Philip White spoke for many today with this tweet: “It’s hard to express the developing smell of fear and panic around the wine industry. This flood of ex-China wine will do great damage to steady honest makers of really good wine who’ve never exported to China. Your favourite most steady honest wineries really deserve support now.”

Naked Wines got some nice press with a “$5 million rescue fund”. My bullshit radar went off like a Christmas bonbon with a little green plastic car made in China inside. But a winemaker we spoke to, assures me the intentions are good.

The bell tolls for those reckless wine businesses that popped up like couch grass with the sole purpose of taking advantage of China’s newfound voracious appetite for wine – many owned by Chinese nationals. But not all. Taking silly risks like that is out of character for the Australian wine community.

Dedicated bottling lines will be mothballed. One Chinese-owned winery in South Australia is said to have dumped its entire production on the bulk market. Expect deep discounting, especially among online retailers.

When the dust settles we will be left with genuine businesses who are in it for the right reasons – and fewer businesses built on fried ice cream. As for Chinese ownership of Australian wine assets, with interest rates so low and banks watching valuations, some of them will fall back into Australian hands.

Easy in hindsight, but a chunk of the $50 million was spent on China. Why? Wouldn’t China have happened anyway without it? The FTA opened the flood gates. China was unstoppable, we should have let it take its natural course and spent the money on nurturing the other eggs.

Savvy Australian wineries sensed trouble in recent years and went cold on China.
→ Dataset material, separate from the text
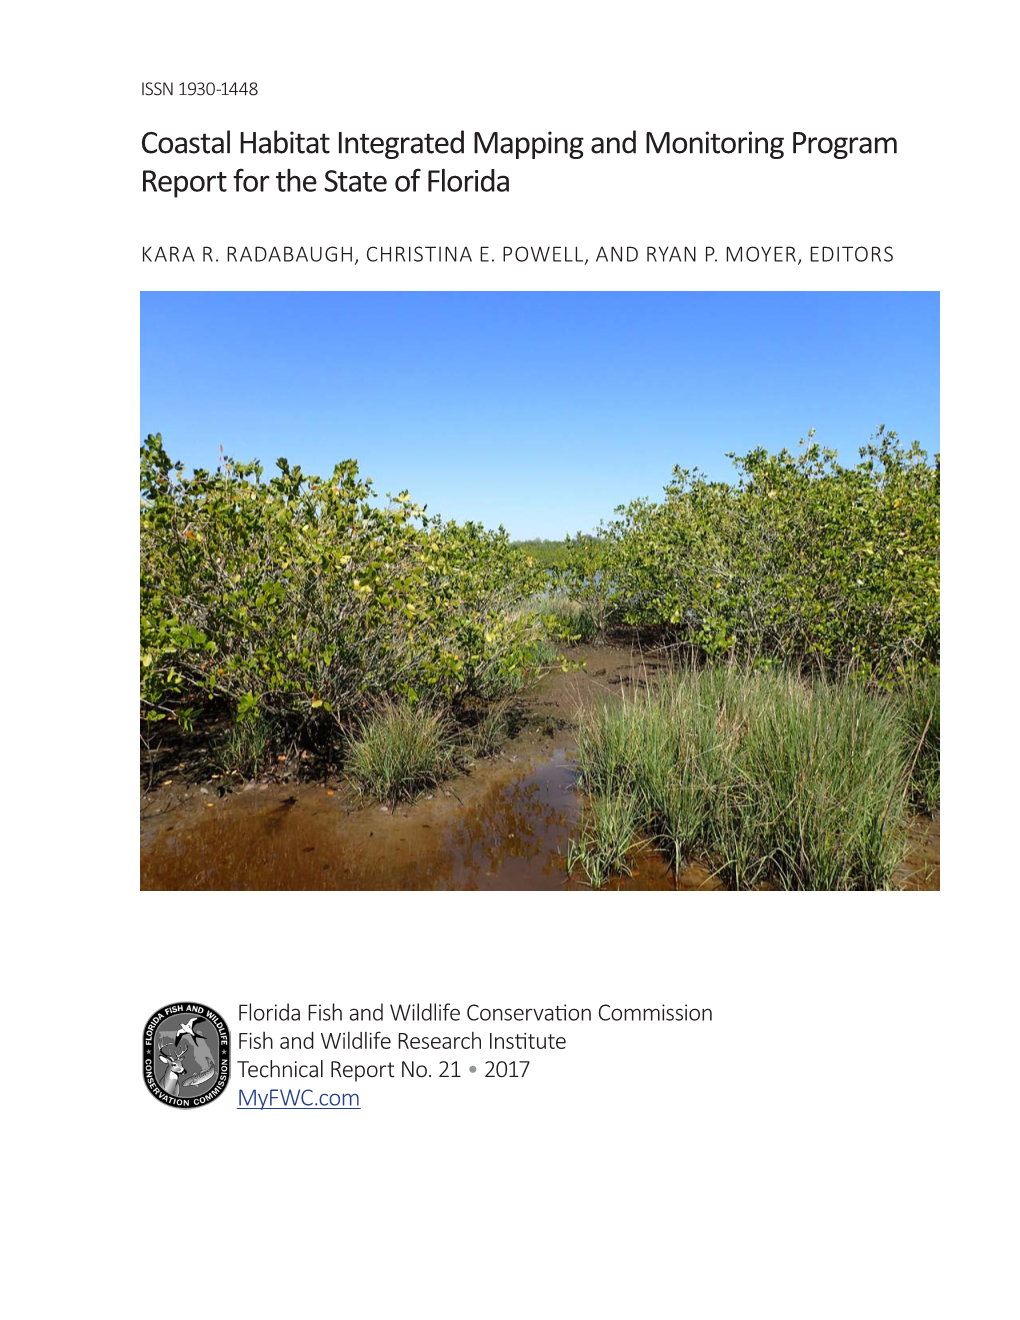 Coastal Habitat Integrated Mapping and Monitoring Program Report for the State of Florida

There were signs last year Beijing was unhinged. Coming down heavy on the pro-democracy kids in Honkers was a sign.

Some Chinese importers have been left holding the baby – lumped with wine they’ve paid for, unwilling, or unable, to pay the tariff. I hope the negotiations over who pays what are sensitive to the relationships we have spent years building. As someone said, “I don’t want to be stopped by the Military at an airport in China one day in the future and taken off to a back room and quizzed about owing money to a wine importer.”

The Australian wine industry has employed a lot of Chinese people here and in China; many of them have lost their jobs. China is hurting its own; it’s sad.
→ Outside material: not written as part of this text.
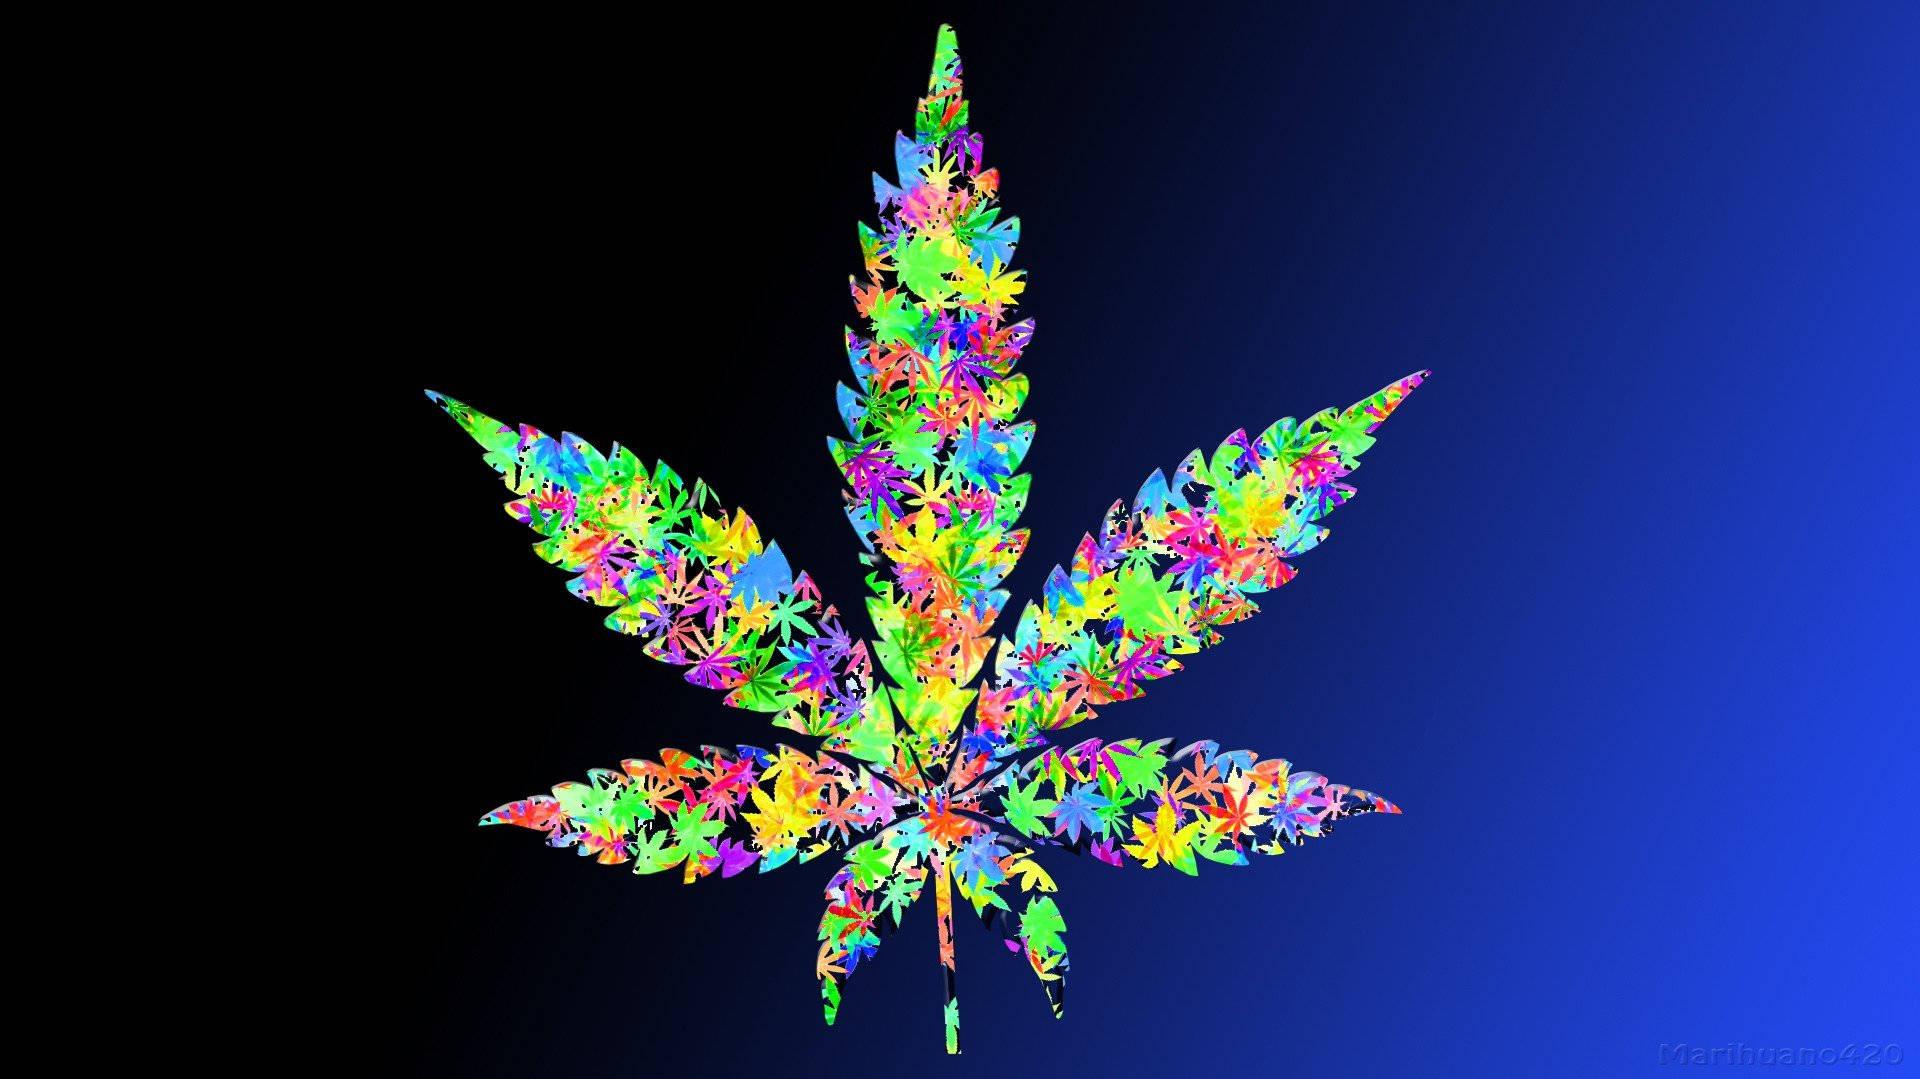 Cool Weed Wallpaper For

To Australia’s credit, I’m hearing no China-bashing nor hate speech.

Yesterday was crazy. NSW Wine hit back at Premier Gladys Berejiklian’s claim the China trade war won’t hurt her state. We published an article Paul Henry wrote in 2019 called “China: Is There a Plan B?”. No.

A Facebook page appeared urging people to avoid buying wines from Chinese-owned Australian wineries on a black list. That black list of 41 had to have come from within the wine industry. Ordinary. We have seen the list and chosen not to publish it.

Then China hit us with a new temporary tariff of six percent. Merry Christmas! Like shooting us dead and then a fortnight later giving us a cripple nipple.

Winemakers are telling us they want to do the right thing by growers. We’ve matured enough as an industry for that to happen.

China could return in five months or five years. Pick a nation, any nation, and people think it’s the next big thing. When I started making notes for TWTW I scribbled in my diary: “Don’t be too negative.” Like China, India is 20 percent of the world’s population. “India is a joke,” my mate says. “It will never happen.” I closed my diary. What about Kazakhstan, Tajikistan and Whogivesafuckistan?

Wine is a slow burn. Good wine, like good tables, shoes and books, takes time.

The best producers are in it for the long haul and don’t get too excited in the good times or too downhearted in the bad times.

Stephen Henschke talks in a quiet monotone voice when he gets 100 points for Hill of Grace and when a vineyard burns down.

We all went back to The Exeter eventually, in dark sunglasses. Great pub. Time heals all. Something to think about on Boxing Day while watching the Test cricket with a can of Lord Nelson Three Sheets in one hand and a parson’s nose in the other – wondering when the visiting relatives will pack up the Island Star and go home.

China’s bad but it could be worse, they could stay for a whole week.

If the Rank Arena goes on the blink, turn it off and turn it back on again. It works for the Australian wine industry.